Many neurodegenerative diseases are thought to be caused by a buildup of toxic proteins in the brain from or resulting in promotion of apoptosis. p97 AAA ATPase (also known as VCP, CDC48, TER ATPase) functions in multiple biological processes, targeting proteins to 2 major degradation systems, the proteasome and autophagy machinery. The key role of p97 in proteasome and autophagy degradations underscores its importance and supports involvement of p97 dysregulation in protein misfolding, aggregation, and processing errors, eventually resulting in cell death. Single amino acid mutations in p97/VCP cause autosomal dominant human disorders including hereditary frontotemporal dementia hereditary (FTD) and a specific condition called inclusion body myopathy with Paget disease of the bone plus ALS, a motor neuron disease also known as Lou Gehrig's disease. Mutation sources could be genetic, environmental, spontaneous, or age related. The goal of this project is to identify key pathogenic mechanisms that will be used to develop precision therapy to correct the defect due to p97 disease mutations, without damaging normal p97 functions. Our central hypothesis: p97 disease mutants have abnormal conformation, which in turn leads to altered protein interactome that in specific cells including neuronal cells cause pathogenic effect To test this hypothesis and to identify key pathogenic mechanisms that can act as targets for therapeutic intervention, we propose to compare the interactome of WT and disease mutants of p97 in neuronal and muscle cells derived from patient fibroblasts and then use genetic and biochemical approaches to determine the effect of the altered interactors in regulating p97 ATPase activity and in modulating the disease phenotype. Overall, a new paradigm of how to develop mutant-targeted therapeutics for neurodegenerative diseases—especially for causative mutants in the ATPase protein family— will be established.

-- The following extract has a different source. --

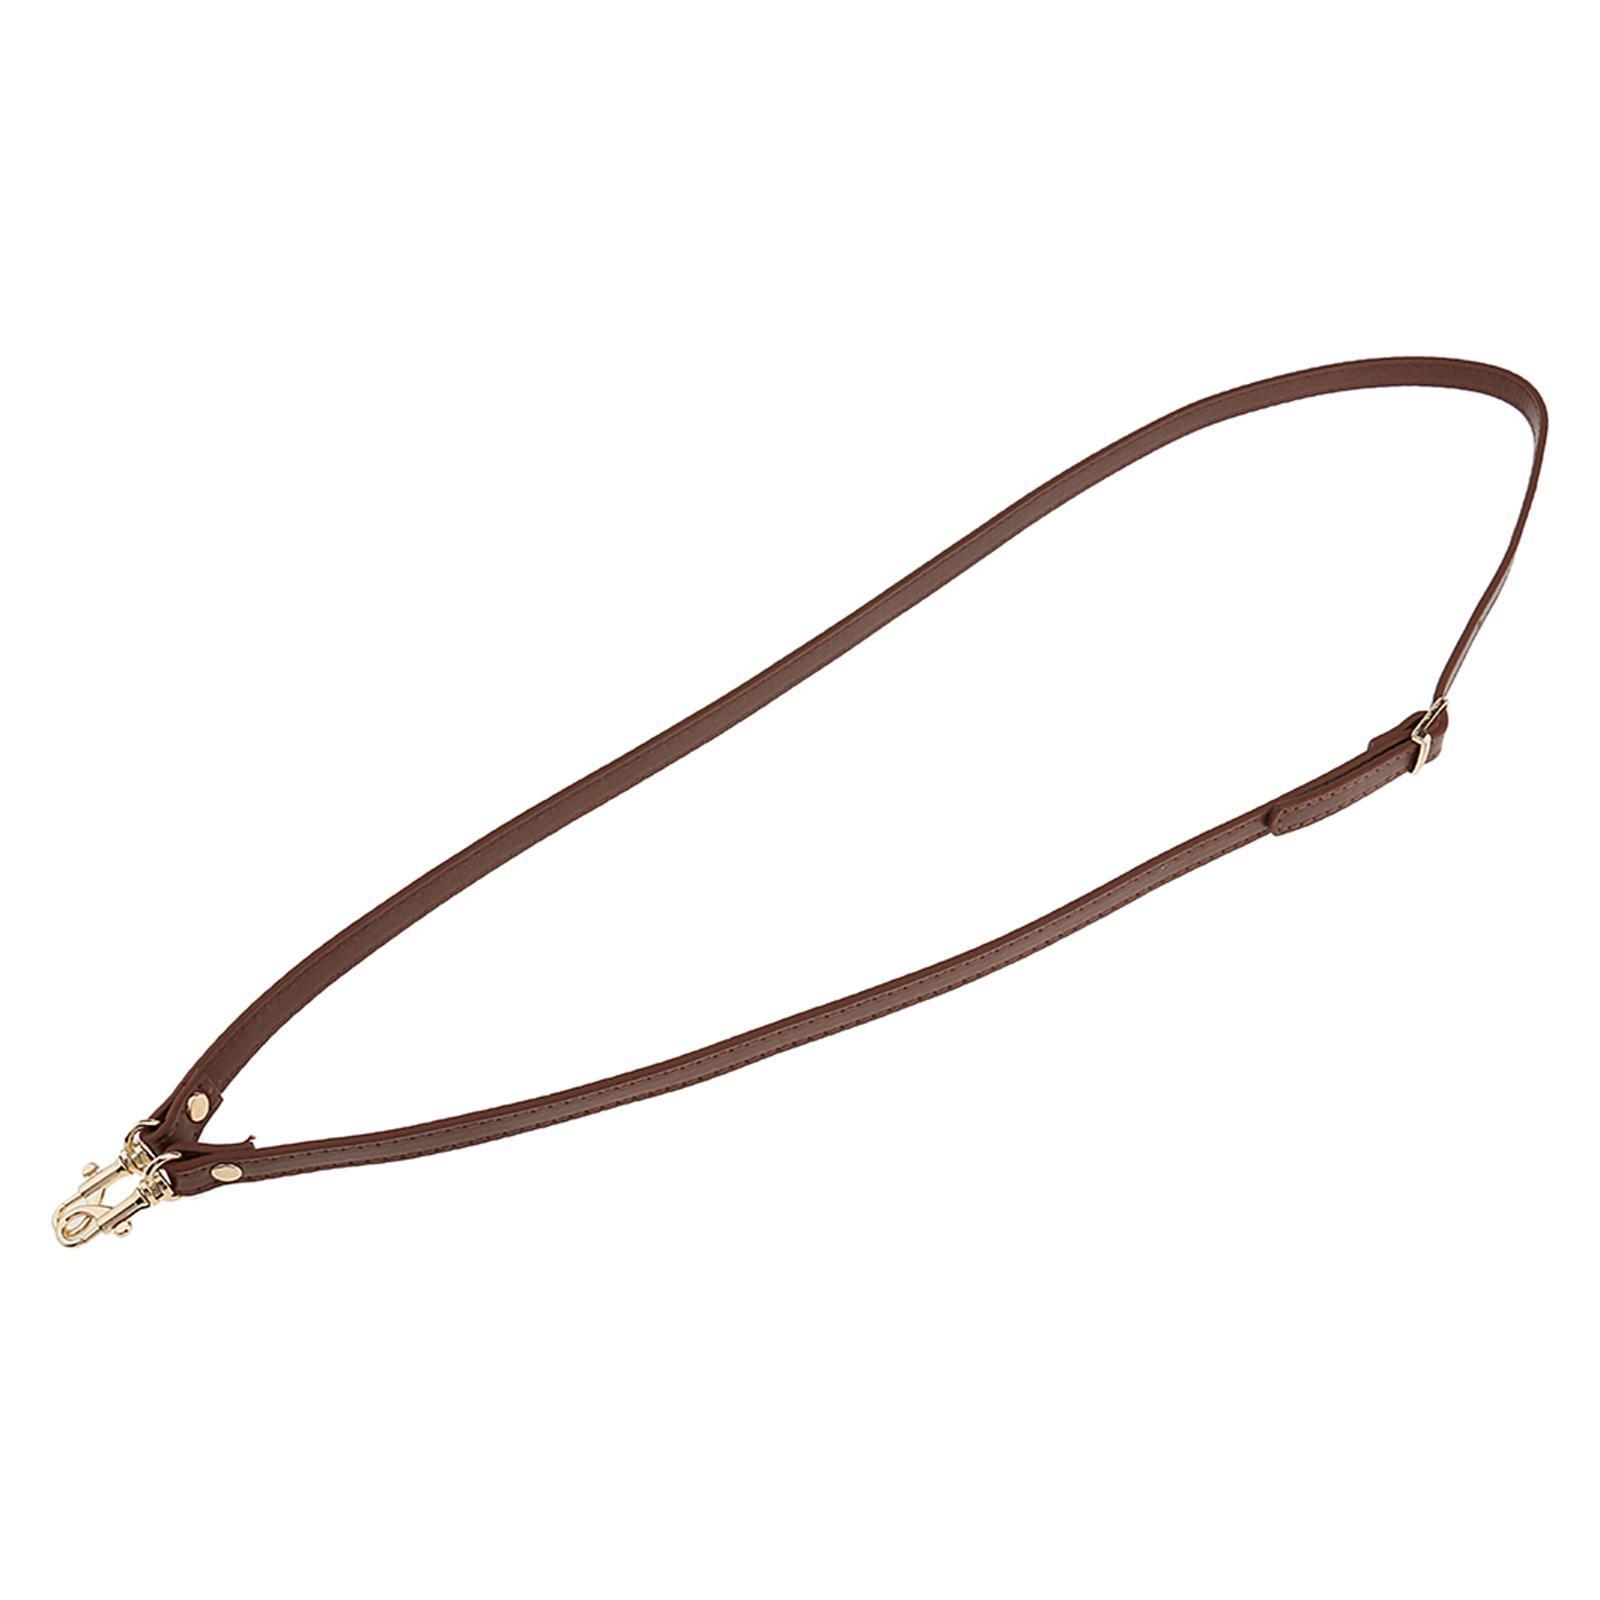 120cm-Bag-Leather-Strap-Replacement-Shoulder-Bags-Handle-Crossbody-Strap thumbnail 12

许多神经退行性疾病被认为是由大脑中有毒蛋白质的积聚引起的。 从而促进细胞凋亡。P97 AAA ATPase(也称为VCP、CDC48、TER ATPase)在 多个生物过程，针对两个主要降解系统的蛋白质，蛋白酶体和 自噬机器。P97在蛋白酶体和自噬降解中的关键作用强调了它 P97异常调节在蛋白质错误折叠、聚集和加工中的重要性和支持性 错误，最终导致细胞死亡。P97/VCP单氨基酸突变导致常染色体显性遗传 人类疾病包括遗传性额颞叶痴呆遗传性(FTD)和一种称为 包涵体肌病伴骨Paget病合并ALS，一种运动神经元病，也称为Lou 格里克病。突变来源可能是遗传的、环境的、自发的或与年龄有关的。的目标是 这个项目是为了确定关键的致病机制，这些机制将被用来开发精确的治疗方法来纠正 P97疾病突变所致的缺陷，不损害正常的p97功能。我们的核心假设：第97页 疾病突变体具有异常的构象，进而导致特定的蛋白质相互作用组的改变 包括神经细胞在内的细胞引起致病效应，以检验这一假说并确定关键致病因素 可以作为治疗干预靶点的机制，我们建议比较WT的相互作用组 以及来自患者成纤维细胞的神经细胞和肌肉细胞中p97的疾病突变体，然后使用基因 和生化方法，以确定改变的相互作用对调节p97-ATPase活性的影响 以及在调节疾病表型方面。总体而言，如何开发以突变为目标的新范式 治疗神经退行性疾病--尤其是ATPase蛋白家族的致病突变-- 将会建立起来。